We define the temperature of the catalytic surface by writing temperature: 973 under the surface: field. Measurements of the specific active catalyst surface area performed by Karakaya and coworkers 2 provided a value for the ratio of the catalytic to the geometrical area of the plate of approximately 16, so we write f_cat_geo: 16 under the parameters: field. The distance of the gas inlet to the catalytic plate and the reactor pressure were set to the setup conditions by writing distance_inlet_disk: 0.039 and pressure: 49993.755 respectively. In this example we want to define the washcoat directly in the case. The washcoat used in this experiment is structurally equal to the one used for the experiment described in the My first simulation - CPOX 873 Rh case, the species diffusion in the washcoat under steam reforming conditions is however slightly different. We therefore copy the definition of the washcoat, which we wrote in the With washcoat mixin, including the values for the thickness, the porosity, the tortuosity, and the pore_diameter and paste it into the new case under the parameters: field. Karakaya and coworkers 2 determined both the CH4 and the H2O to be diffusion limiting in the washcoat, so we write - CH4 and - H2O for the diffusion_limiting_species: field under the washcoat: field.
#...
washcoat:
thickness: 0.0001
porosity: 0.4
tortuosity: 8
pore_diameter: 1.0e-08
diffusion_limiting_species:
- CH4
- H2O
In this example we will not define the chemical model in the case itself, as we did in the tutorial Creating your First Own Simulation, but in a mixin, as we did in the tutorial Modifying your First Own Simulation. The new case in your carmen.yml file should look by now as follows:
cases:
-
#...
-
title: My second experiment - SR 973 Rh
data: ./SR_stag_973.csv
view:
label:
x: axial position (z/m)
y: mole fractions
configuration:
driver: detchem_stagnation
output: ./mole_fractions
parameters:
inlet:
temperature: 419.15
gas_velocity: 0.7108
mole_fractions:
CH4: 0.05163
H2O: 0.053796
Ar: "*"
surface:
temperature: 973.15
f_cat_geo: 16
distance_inlet_disk: 0.039
pressure: 49993.755
washcoat:
thickness: 0.0001
porosity: 0.4
tortuosity: 8
pore_diameter: 1.0e-08
diffusion_limiting_species:
- CH4
- H2O
#...
4. Modifying the Mixins
As we already mentioned, we want to use mixins in this example solely to define the chemical models to be used. In the tutorial Modifying your First Own Simulation we created three mixins: With washcoat, With washcoat, f_cat_geo = 30, and With washcoat, f_cat_geo = 30, model 2.

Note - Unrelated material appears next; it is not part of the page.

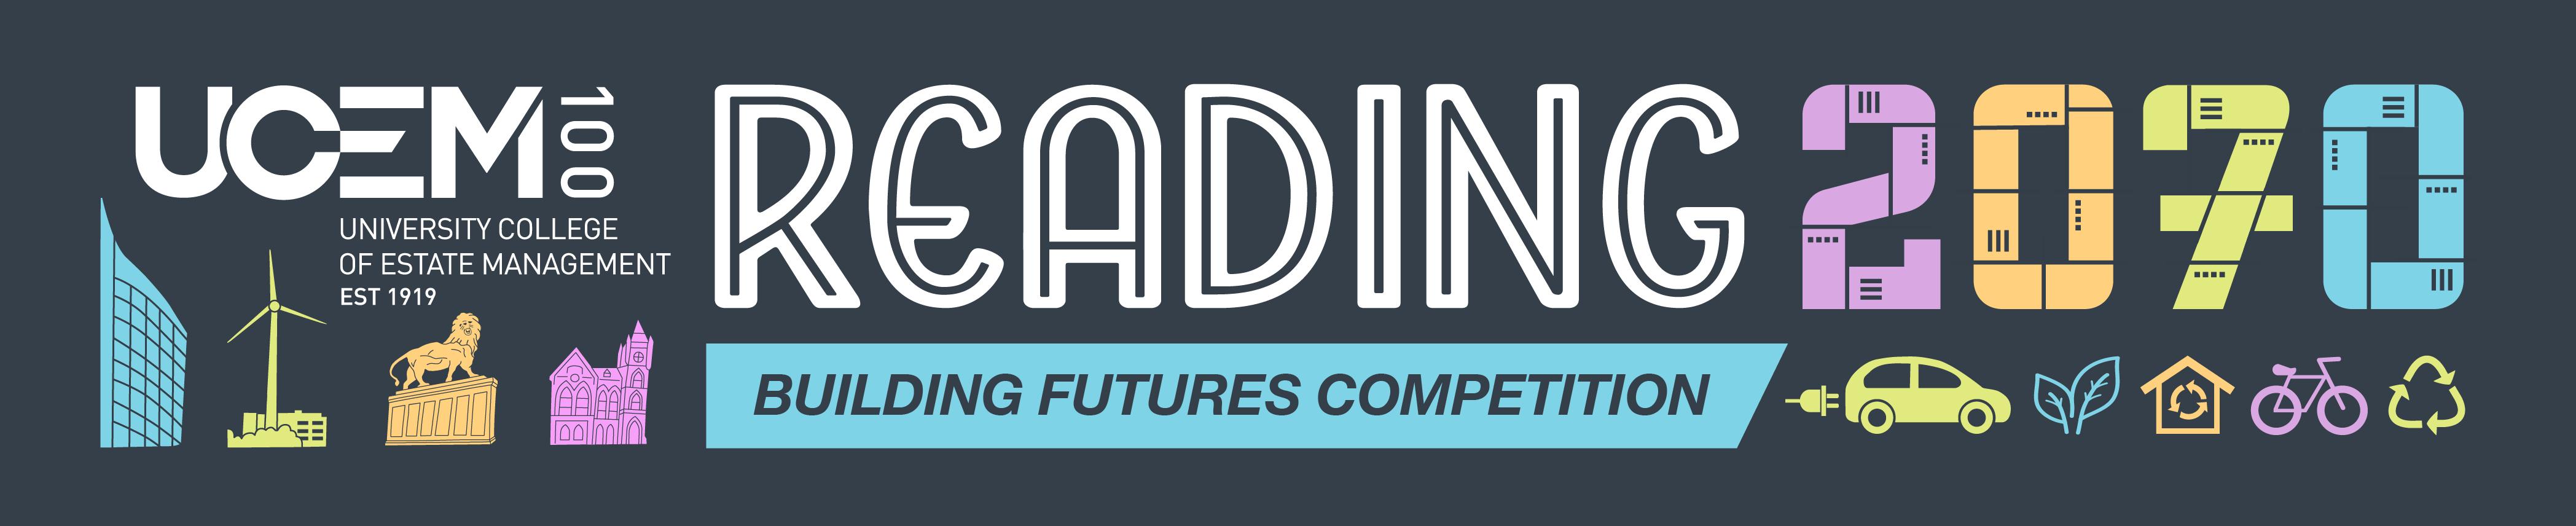 UCEM Building Futures Competition

The mixins With washcoat and With washcoat, f_cat_geo = 30 only define setup parameters while the With washcoat, f_cat_geo = 30, model 2 mixin defines additionally the chemical model model 2.

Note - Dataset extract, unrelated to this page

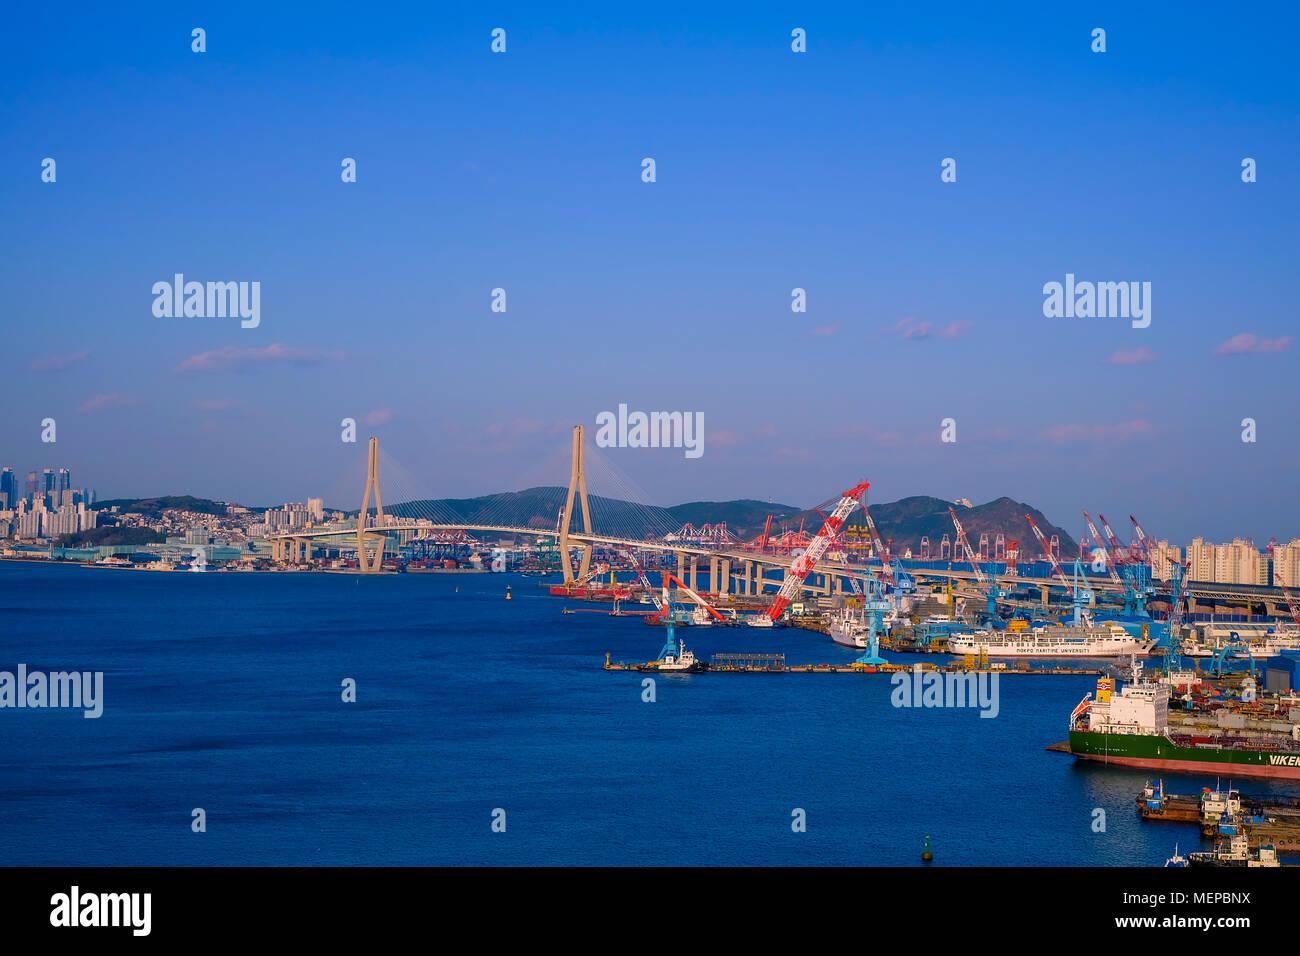 Aerial view of Busan port, South Korea. Stock Photo

Since we are now only interested in working with chemical models in the mixins we delete the definitions of the With washcoat and the With washcoat, f_cat_geo = 30 mixins. Now we move the f_cat_geo: and the washcoat: fields, with their respective values, from the With washcoat, f_cat_geo = 30, model 2 mixin into the My first simulation - CPOX 873 Rh case under the parameters: field. Don't forget to delete/overwrite the originally used value f_cat_geo: 1 in the My first simulation - CPOX 873 Rh case. Finally we rename in this example the With washcoat, f_cat_geo = 30, model 2 mixin simply to model 2. Your model 2 mixin should look by now as follows:
#...
mixins:
-
title: model 2
configuration:
-
driver: detchem_stagnation
parameters:
chemical_model:
$resource: model 2
#...
In the tutorial Creating your First Own Simulation we defined the chemical model to be used by the My first simulation - CPOX 873 Rh case in the case itself. In this example we want to move this definition to an individual mixin. For that first delete the chemical_model: field and its value from the My first simulation - CPOX 873 Rh case. Now copy the syntax of the model 2 mixin we just created and paste it so that you create a new array entry under mixins:. For the new mixin we chose the name model 1 so we write
#...
mixins:
-
title: model 1
configuration:
-
driver: detchem_stagnation
parameters:
chemical_model:
$resource: model
#...
Notice that we define the chemical model to be used by referencing to the model resource, which we already defined in the tutorial Creating your First Own Simulation and is still present in our carmen.yml file.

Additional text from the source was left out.